Collected data:
☆ ☆ ☆ ☆ ☆

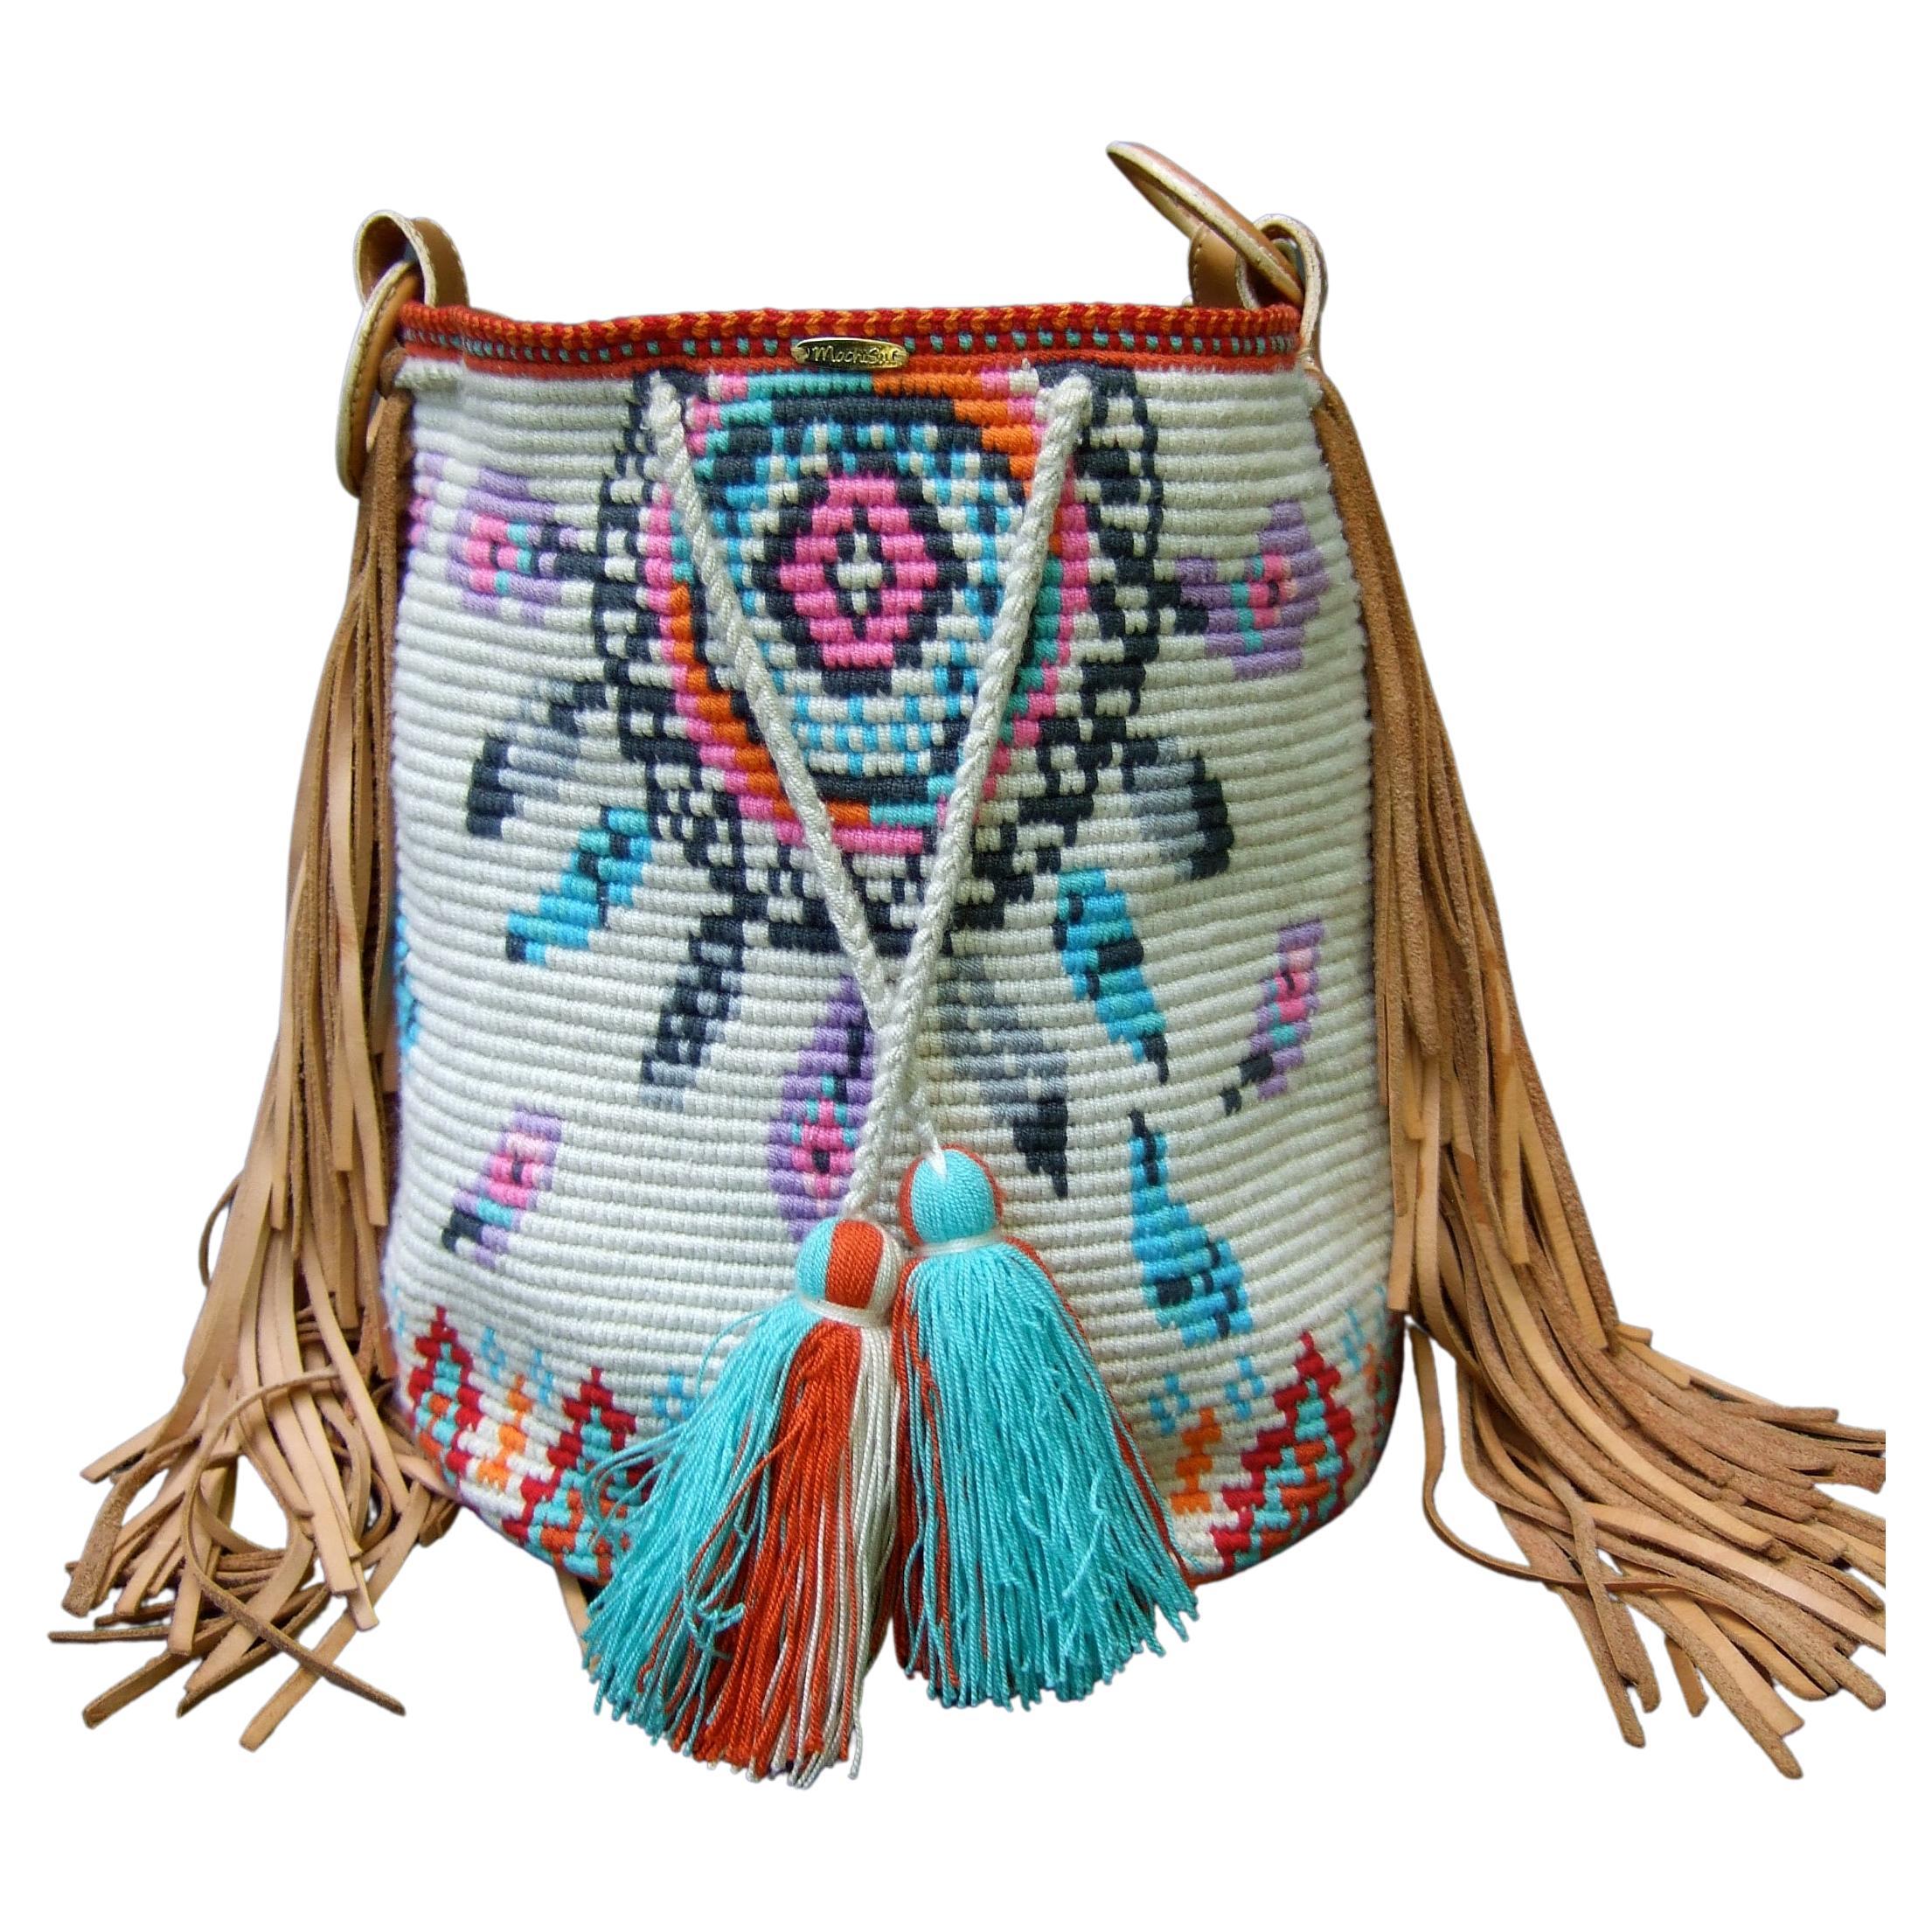  Handmade Woven Wool Knit Artisan Bucket Shoulder Bag c 1990s
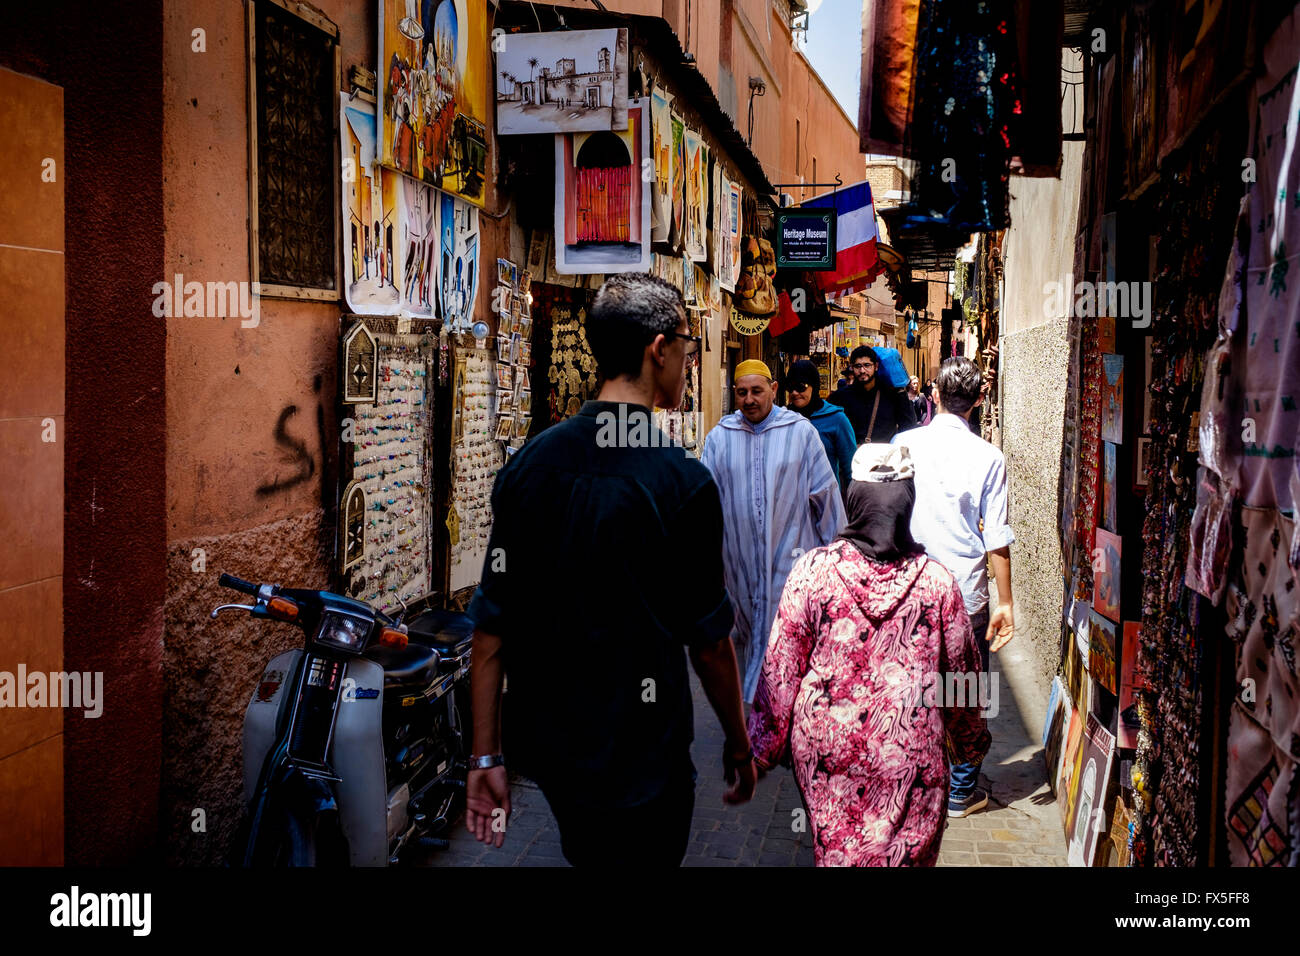 Street scene in a souk in the medina in Marrakech, Morocco, North Africa Stock Photo
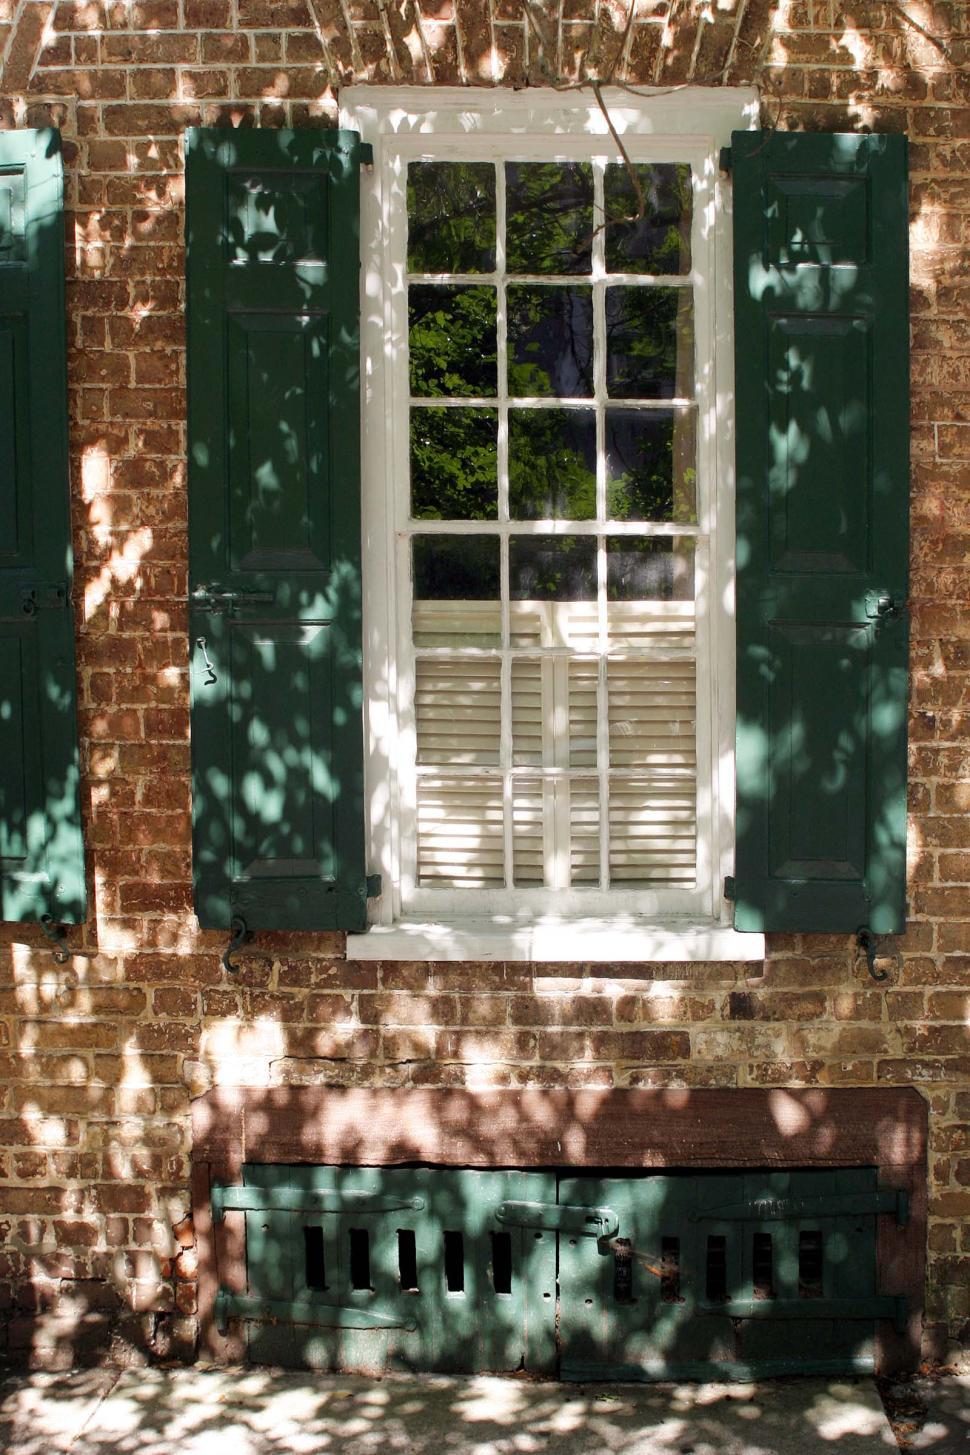 Free Image of window shutters brick wall charleston south carolina basement shadows exterior 
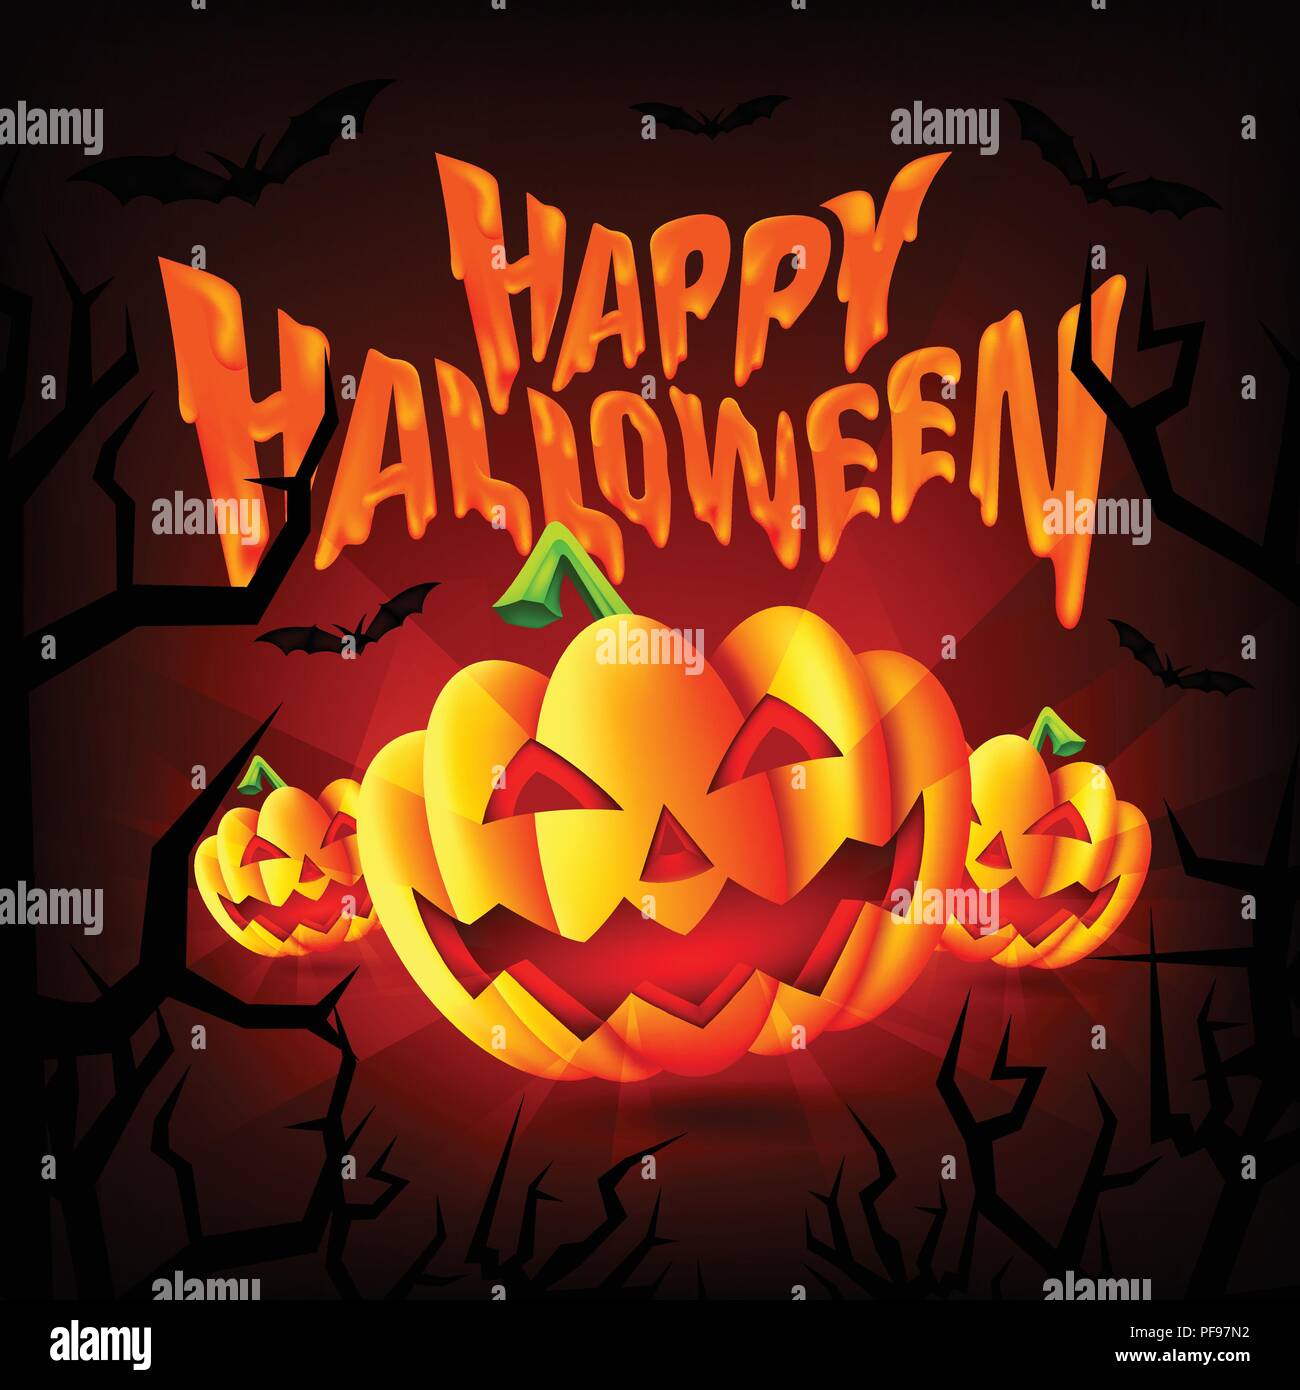 Happy Halloween, Halloween, Three Spooky Pumpkins with Bats at midnight, Floating Pumpkins, Horror, Stock Vector

☆ ☆ ☆ ☆ ☆

Exercise goal: Without the pictures, reproduce each line from the one containing "Street scene in" through the last line of the material above, both of those lines included.

Exercise answer:
 Street scene in a souk in the medina in Marrakech, Morocco, North Africa Stock Photo
 Free Image of window shutters brick wall charleston south carolina basement shadows exterior 
 Happy Halloween, Halloween, Three Spooky Pumpkins with Bats at midnight, Floating Pumpkins, Horror, Stock Vector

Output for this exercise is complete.